4 Replies Latest reply on Jul 9, 2003 8:08 AM by Jon Barnett

    Optimizations and in-VM calls

    Jon Barnett Master

      We're currently doing some investigation work on JBoss to get a handle on performance limits.

      In some spare time, just wrote a simple test rig to check the performance of calls using the optimized and Trove modified JBoss versus standard JBoss.

      The internal VM calls were invoked by 3 parallel threads that had a stateless session bean look itself up and make a single method call (that just returned an incremented counter) - so minimal business logic in the EJB. One thread collected information on JNDI lookups, one performed a call through the local interface (the JNDI lookup is excluded from the measurement, so only create, and call is performed) and the other the same call except using the remote interface (but in VM). Each performed a serial set of 10,000 operations and measured the elapsed time. 10 loops of each were run and the average taken. We set it up this way so that JBoss performed under some sort of load that required multiple operations in parallel.

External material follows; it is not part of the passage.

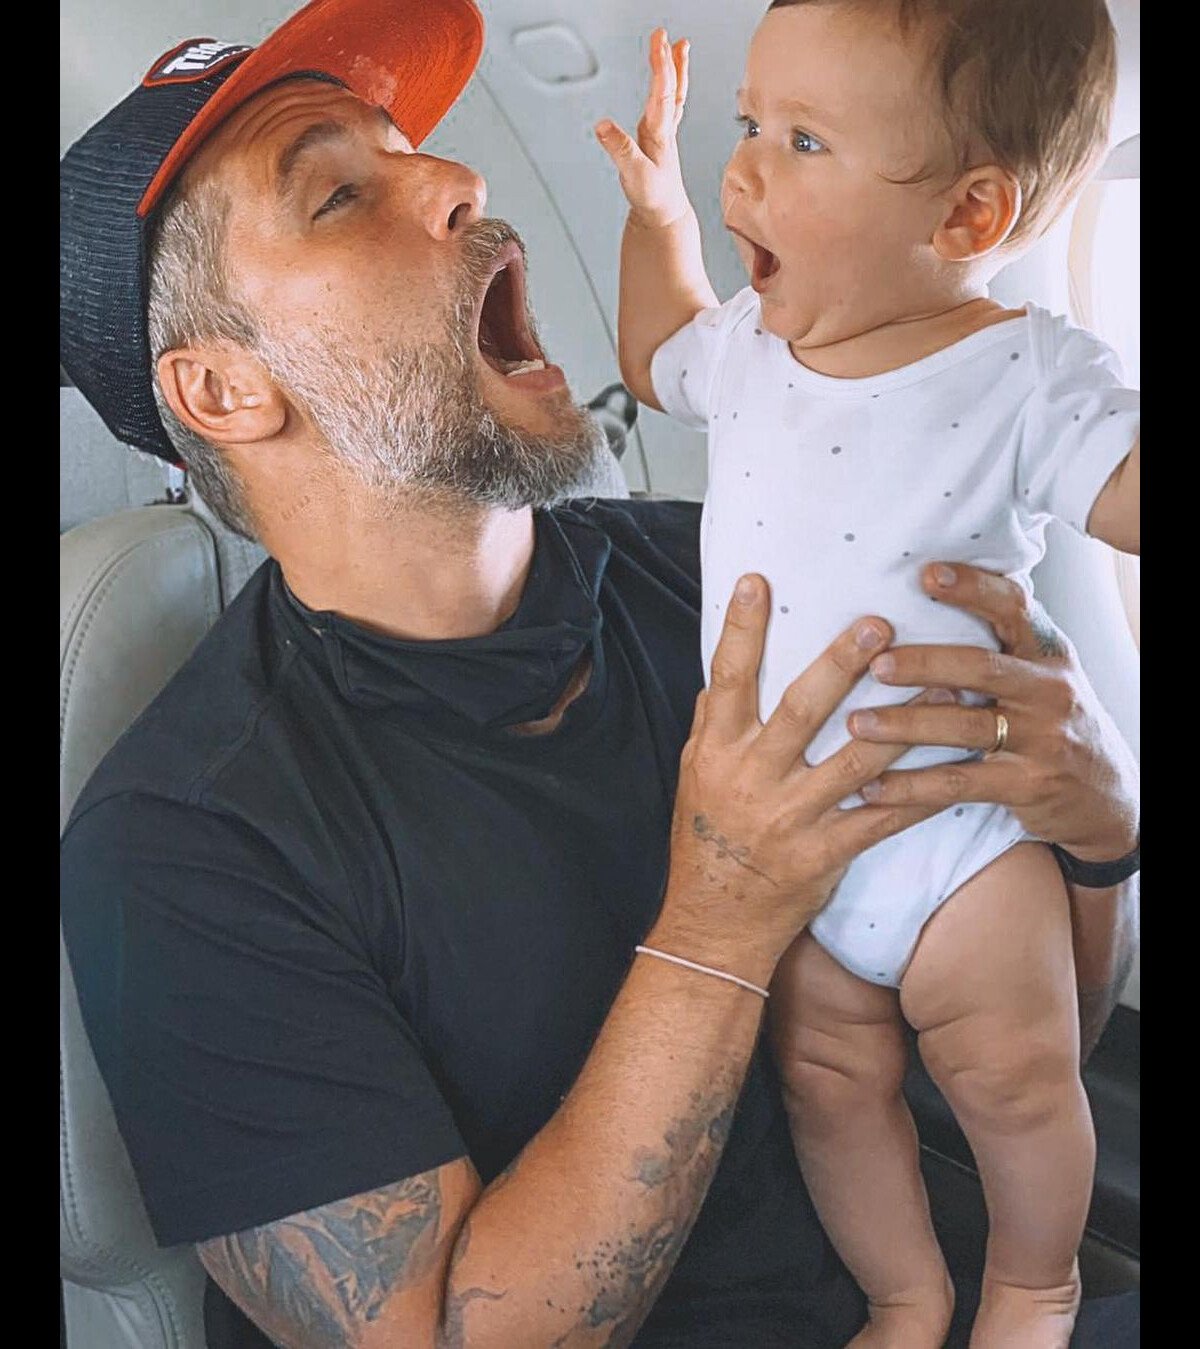 Foto: Filho bebê de Bruno Gagliasso faz careta em viagem e ator imita:  'Acha graça' - Purepeople
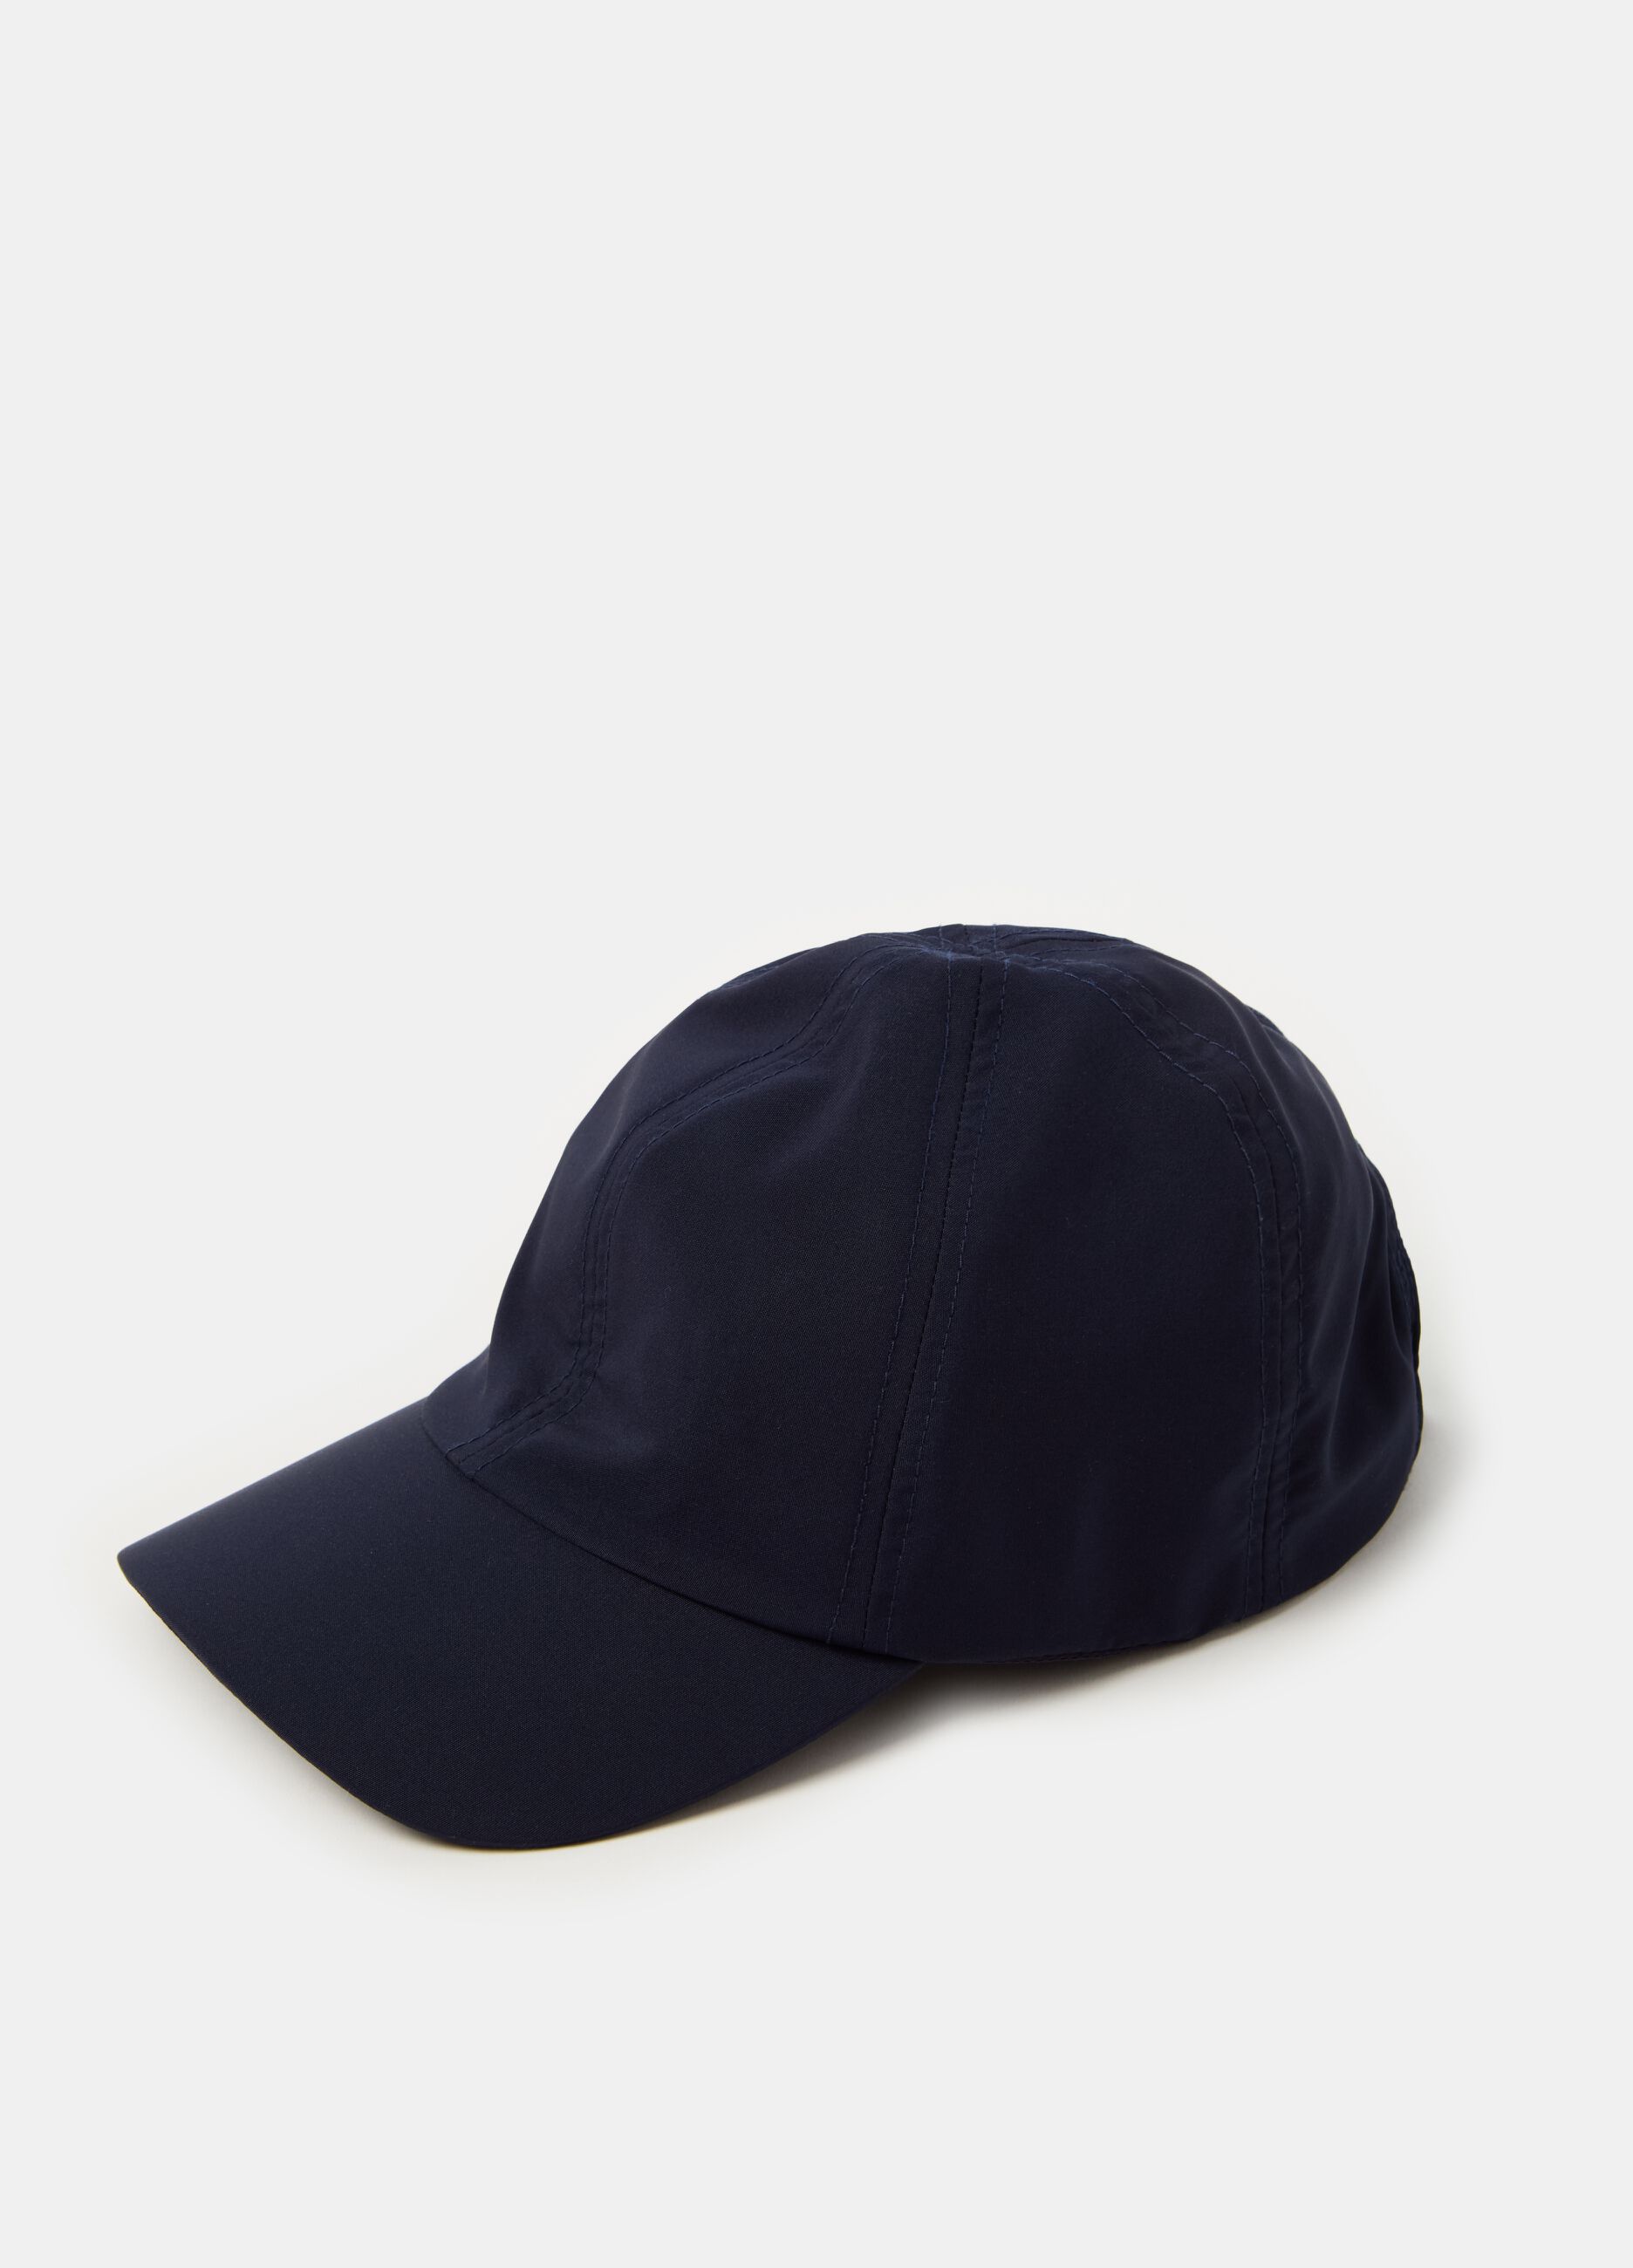 Waterproof baseball cap

      For the remote calls tests, we had 2 threads from a remote client, 1 performing remote JNDI lookups and the other performing a remote call on the same bean but not at the same time as the in-VM tests. Again 10,000 serial operations and 10 loops. Reported values are the average per operation time.

      The results on Win2K, PIII 1.2 GHz with Sun JDK 1.4.1_01

      Optimized JBoss 3.2.0 with some Trove and collection modifications in the server branch

      IN VM ---------------------------------------------- OUT OF VM
      Lookup ------- Loc call ------- Rem call ------- Lookup ------- Rem Call
      26 usec ***** 88 usec ****** 95 usec ******* 4.57 msec ** 8.14 msec

      Reported memory use by Windows Task Manager: 52,712K

      Standard JBoss

      IN VM ---------------------------------------------- OUT OF VM
      Lookup ------- Loc call ------- Rem call ------- Lookup ------- Rem Call
      38 usec ***** 107 usec ***** 111 usec ****** 4.60 msec ** 8.39 msec

      Reported memory use by Windows Task Manager: 55,960K

      *******************

      The results on Linux RedHat 7.2, PII 500 MHz with IBM SDK 1.4.0

      Optimized JBoss 3.2.0 with some Trove and collection modifications in the server branch

      IN VM ---------------------------------------------- OUT OF VM
      Lookup ------- Loc call ------- Rem call ------- Lookup ------- Rem Call
      85 usec ***** 308 usec ***** 370 usec ***** 21.36 msec ** 23.94 msec

      Reported memory use: VSZ = 177864K, RSS = 128288K

      Standard JBoss

      IN VM ---------------------------------------------- OUT OF VM
      Lookup ------- Loc call ------- Rem call ------- Lookup ------- Rem Call
      129 usec **** 334 usec ***** 387 usec **** 21.50 msec ** 24.29 msec

      Reported memory use: VSZ = 198816K, RSS = 145768K

      If nothing else, this should clearly show why embedded Tomcat/Jetty is better than an externalised Tomcat/Jetty configuration.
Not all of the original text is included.